List all the movies in the ascending order of year.
grunt> desc_movies_by_year = ORDER movies BY year ASC;
grunt> DUMP desc_movies_by_year;
List all the movies in the descending order of year.
grunt> asc_movies_by_year = ORDER movies by year DESC;
grunt> DUMP asc_movies_by_year;
DISTINCT – The DISTINCT statement is used to remove duplicated records. It works only on entire records, not on individual fields.
Let’s illustrate this with an example:
grunt> movies_with_dups = LOAD '/home/hduser/pig/myscripts/movies_with_duplicates.csv' USING PigStorage(',') as (id:int,name:chararray,year:int,rating:double,duration:int);
grunt> DUMP movies_with_dups;
(1,The Nightmare Before Christmas,1993,3.9,4568)
(1,The Nightmare Before Christmas,1993,3.9,4568)
(1,The Nightmare Before Christmas,1993,3.9,4568)
(2,The Mummy,1932,3.5,4388)
(3,Orphans of the Storm,1921,3.2,9062)
(4,The Object of Beauty,1991,2.8,6150)
(5,Night Tide,1963,2.8,5126)
(5,Night Tide,1963,2.8,5126)
(5,Night Tide,1963,2.8,5126)
(6,One Magic Christmas,1985,3.8,5333)
(7,Muriel's Wedding,1994,3.5,6323)
(8,Mother's Boys,1994,3.4,5733)
(9,Nosferatu: Original Version,1929,3.5,5651)

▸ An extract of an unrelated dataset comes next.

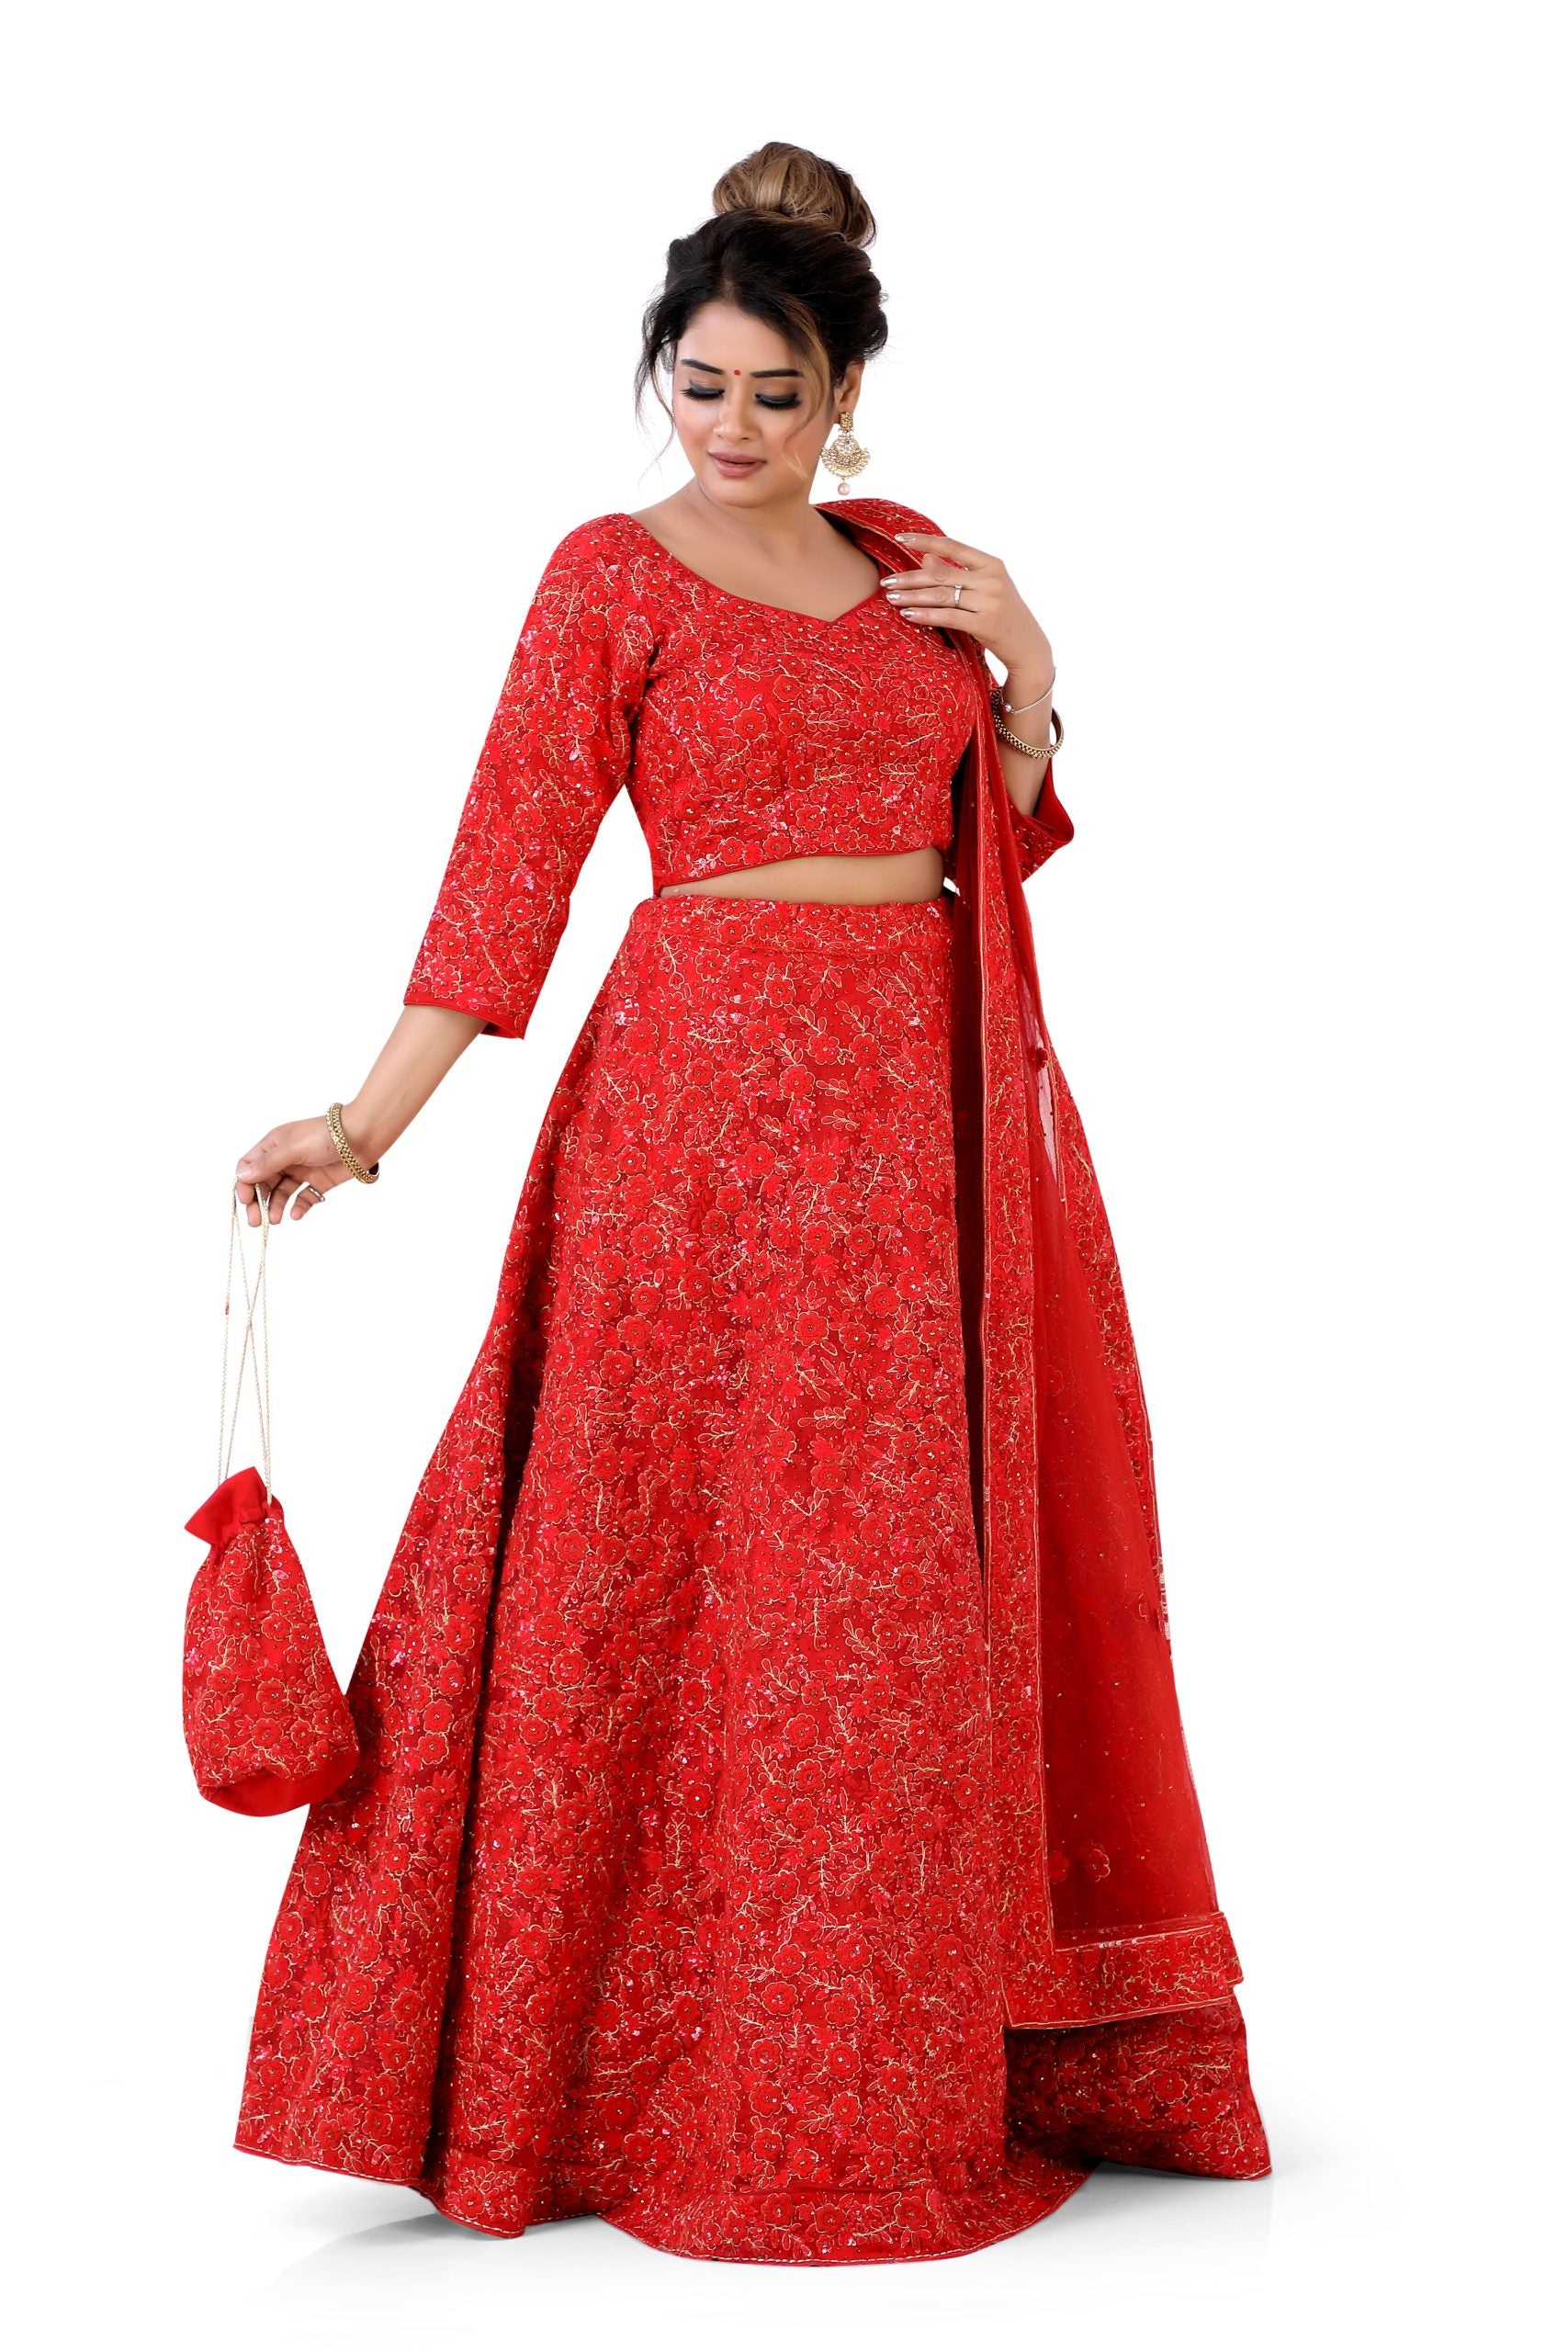 Red Bridal Floral Lehenga Choli - Premium Bridal lehenga from Dulhan Exclusives - Just $2250! Shop now at Dulhan Exclusives

(10,Nick of Time,1995,3.4,5333)
(9,Nosferatu: Original Version,1929,3.5,5651)
You see that there are are duplicates in this data set. Now let us list the distinct records present movies_with_dups:
grunt> no_dups = DISTINCT movies_with_dups;
grunt> DUMP no_dups;
(1,The Nightmare Before Christmas,1993,3.9,4568)
(2,The Mummy,1932,3.5,4388)
(3,Orphans of the Storm,1921,3.2,9062)
(4,The Object of Beauty,1991,2.8,6150)
(5,Night Tide,1963,2.8,5126)
(6,One Magic Christmas,1985,3.8,5333)
(7,Muriel's Wedding,1994,3.5,6323)
(8,Mother's Boys,1994,3.4,5733)
(9,Nosferatu: Original Version,1929,3.5,5651)
(10,Nick of Time,1995,3.4,5333)
LIMIT – Use the LIMIT keyword to get only a limited number for results from relation.
grunt> top_10_movies = LIMIT movies 10;
grunt> DUMP top_10_movies;
(1,The Nightmare Before Christmas,1993,3.9,4568)
(2,The Mummy,1932,3.5,4388)
(3,Orphans of the Storm,1921,3.2,9062)
(4,The Object of Beauty,1991,2.8,6150)
(5,Night Tide,1963,2.8,5126)
(6,One Magic Christmas,1985,3.8,5333)
(7,Muriel's Wedding,1994,3.5,6323)
(8,Mother's Boys,1994,3.4,5733)
(9,Nosferatu: Original Version,1929,3.5,5651)
(10,Nick of Time,1995,3.4,5333)
SAMPLE – Use the sample keyword to get sample set from your data.
grunt> sample_10_percent = sample movies 0.1;
grunt> dump sample_10_percent;
Here, 0.1 = 10%, As we already know that the file has 49590 records. We can check to see the count of records in the relation.
grunt> sample_group_all = GROUP sample_10_percent ALL;
grunt> sample_count = FOREACH sample_group_all GENERATE
COUNT(sample_10_percent.$0);grunt> dump sample_count;
The output is (4937) which is approximately 10% for 49590.